## EXERCISE REQUIREMENTS
The entries shown here must be retyped in full, with no pictures included.
[PROVIDED RECORDS — start]
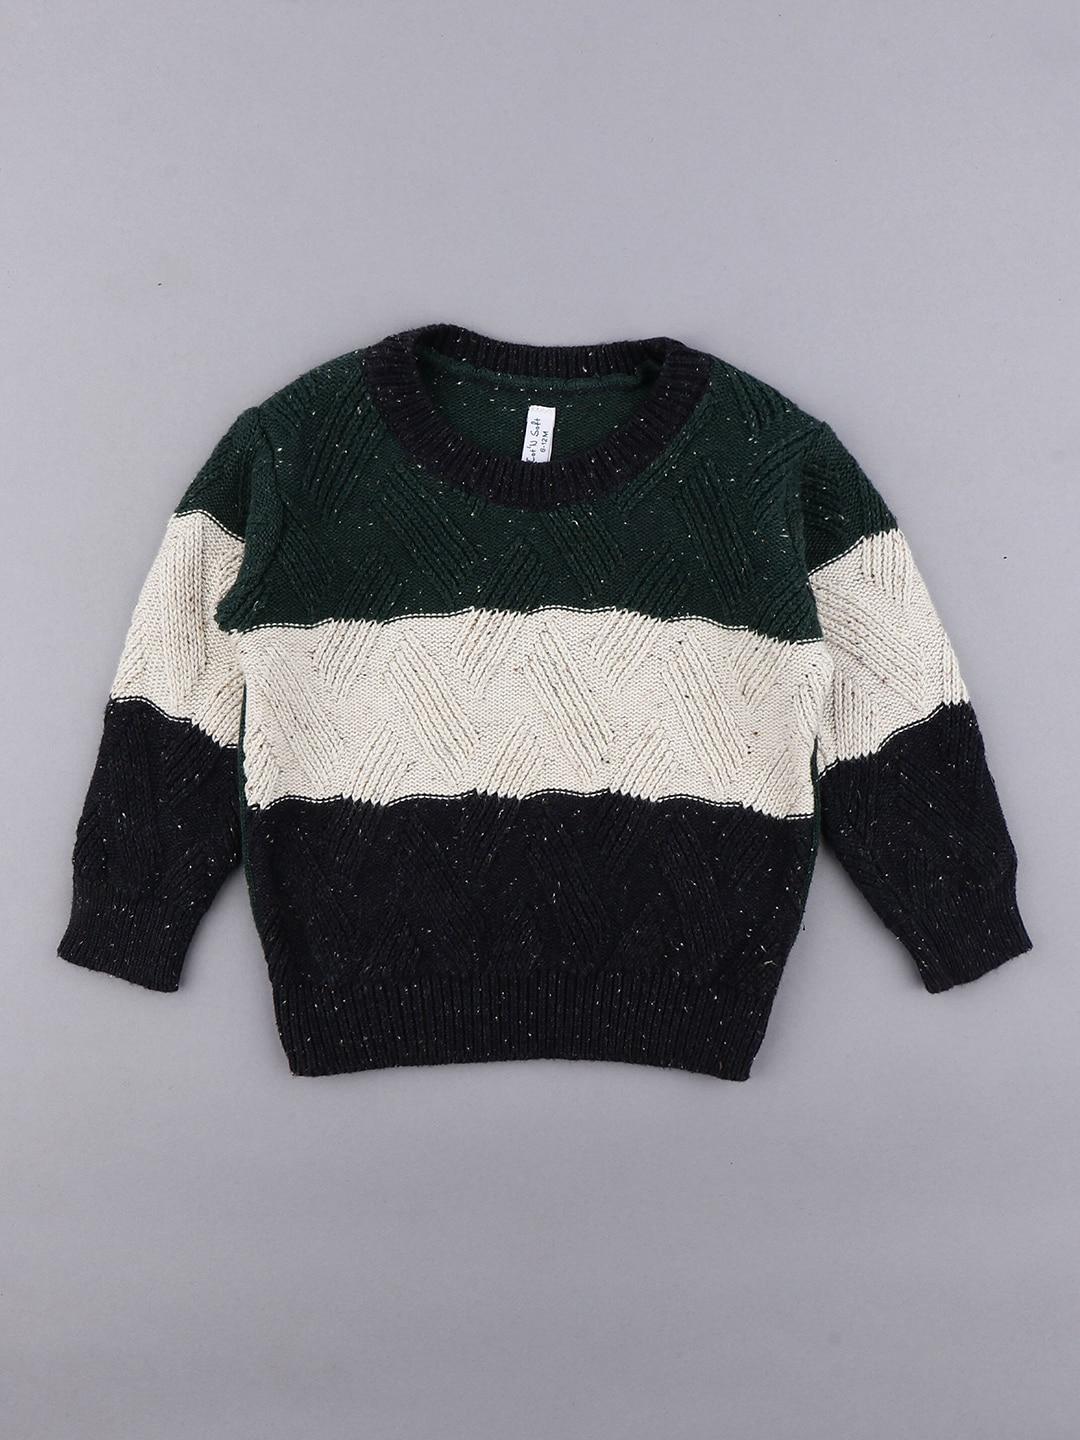 cot'n-soft-boys-colourblocked-woollen-pullover-sweater
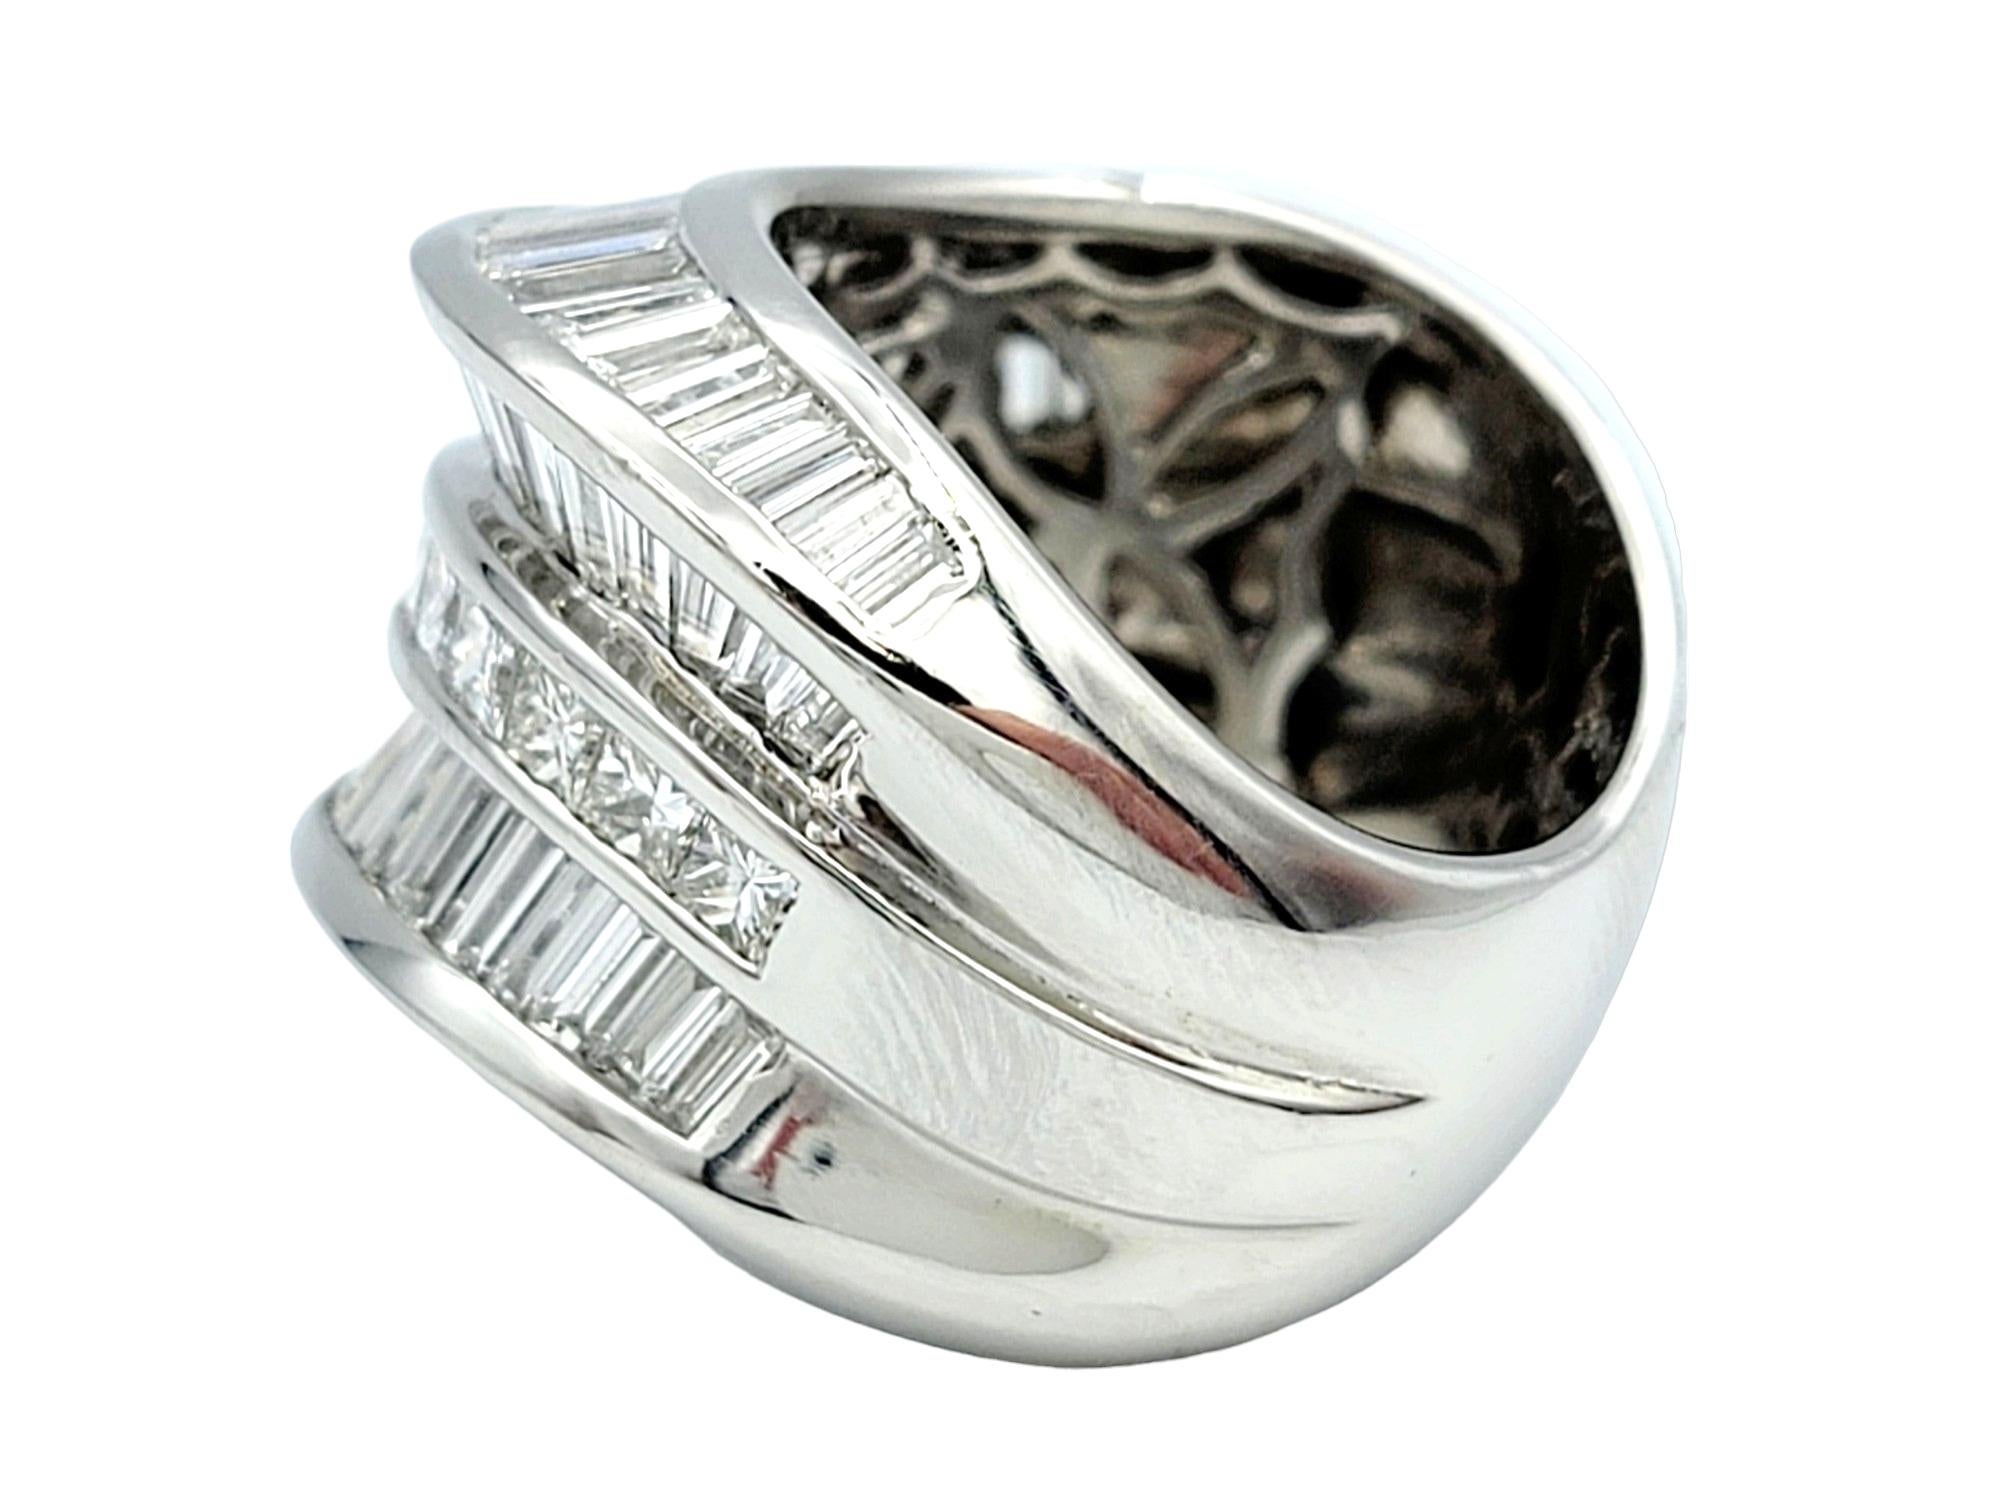 Ring Size: 6.5

This gorgeous wide band ring, with its unique combination of baguette and princess cut diamonds, is a striking work of art. The use of polished platinum ensures not only a luxurious appearance but also durability and longevity. The
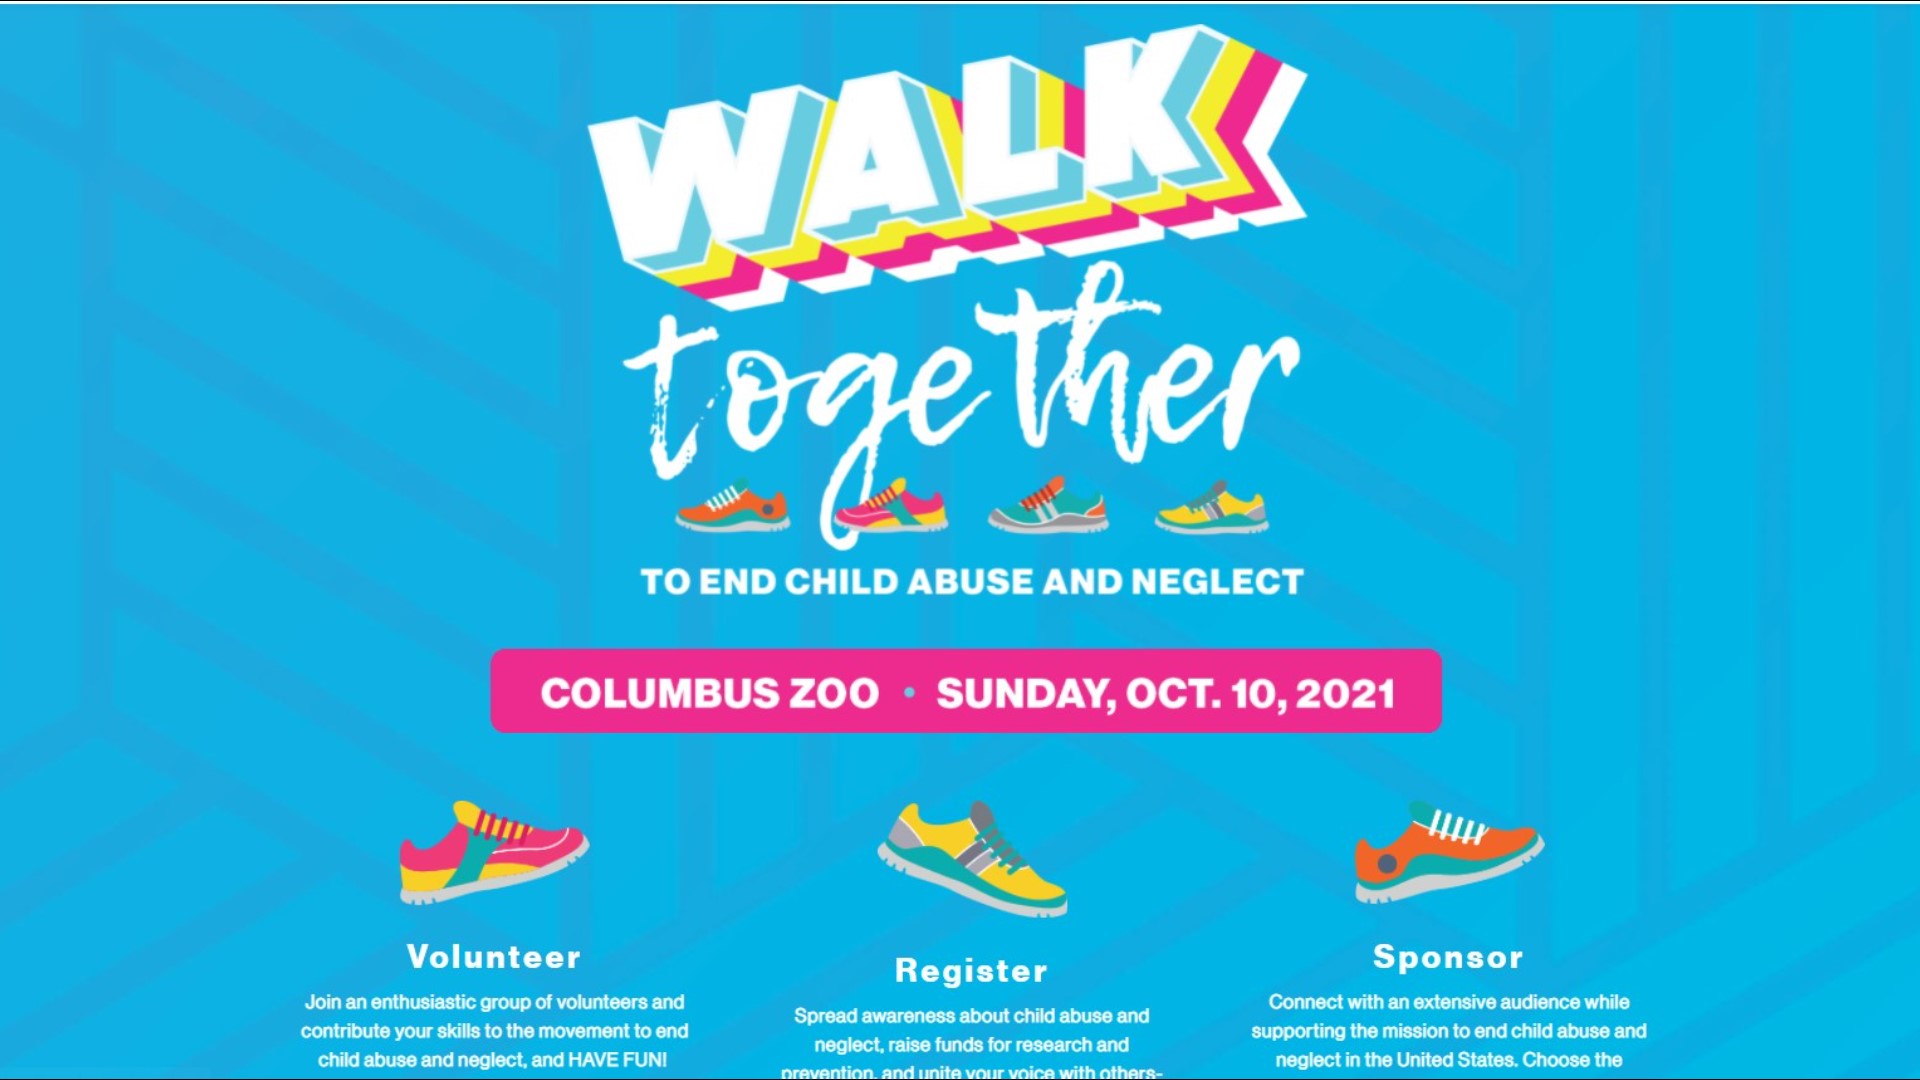 The walk takes place at the Columbus Zoo on October 10.
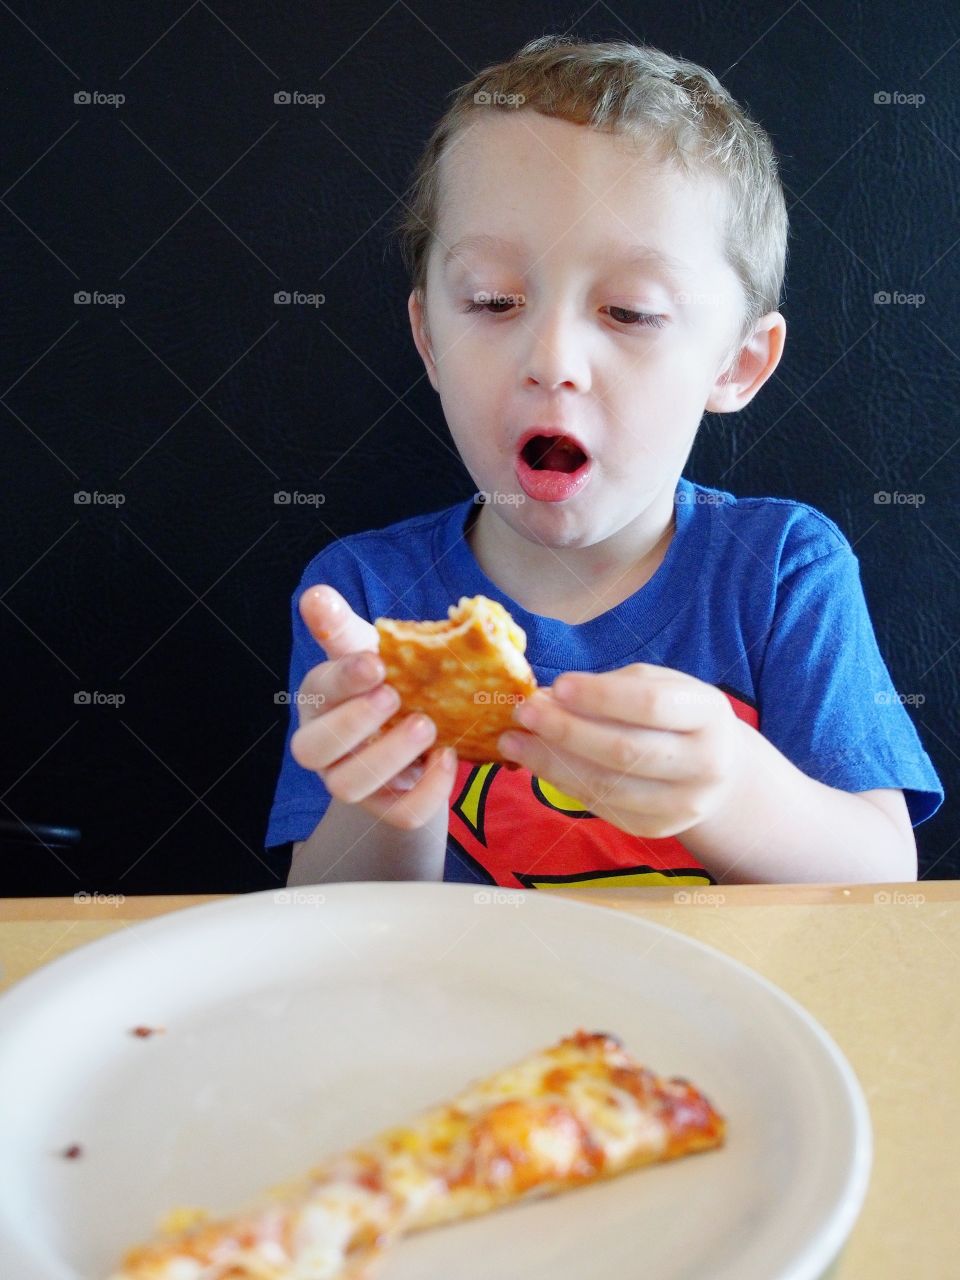 A little boy is shocked by his favorite food of pizza as it’s very hot fresh from the oven.
[PROVIDED RECORDS — finish]
## EXERCISE RESPONSE
 cot'n-soft-boys-colourblocked-woollen-pullover-sweater
 Ring Size: 6.5

This gorgeous wide band ring, with its unique combination of baguette and princess cut diamonds, is a striking work of art. The use of polished platinum ensures not only a luxurious appearance but also durability and longevity. The
 The walk takes place at the Columbus Zoo on October 10.
 A little boy is shocked by his favorite food of pizza as it’s very hot fresh from the oven.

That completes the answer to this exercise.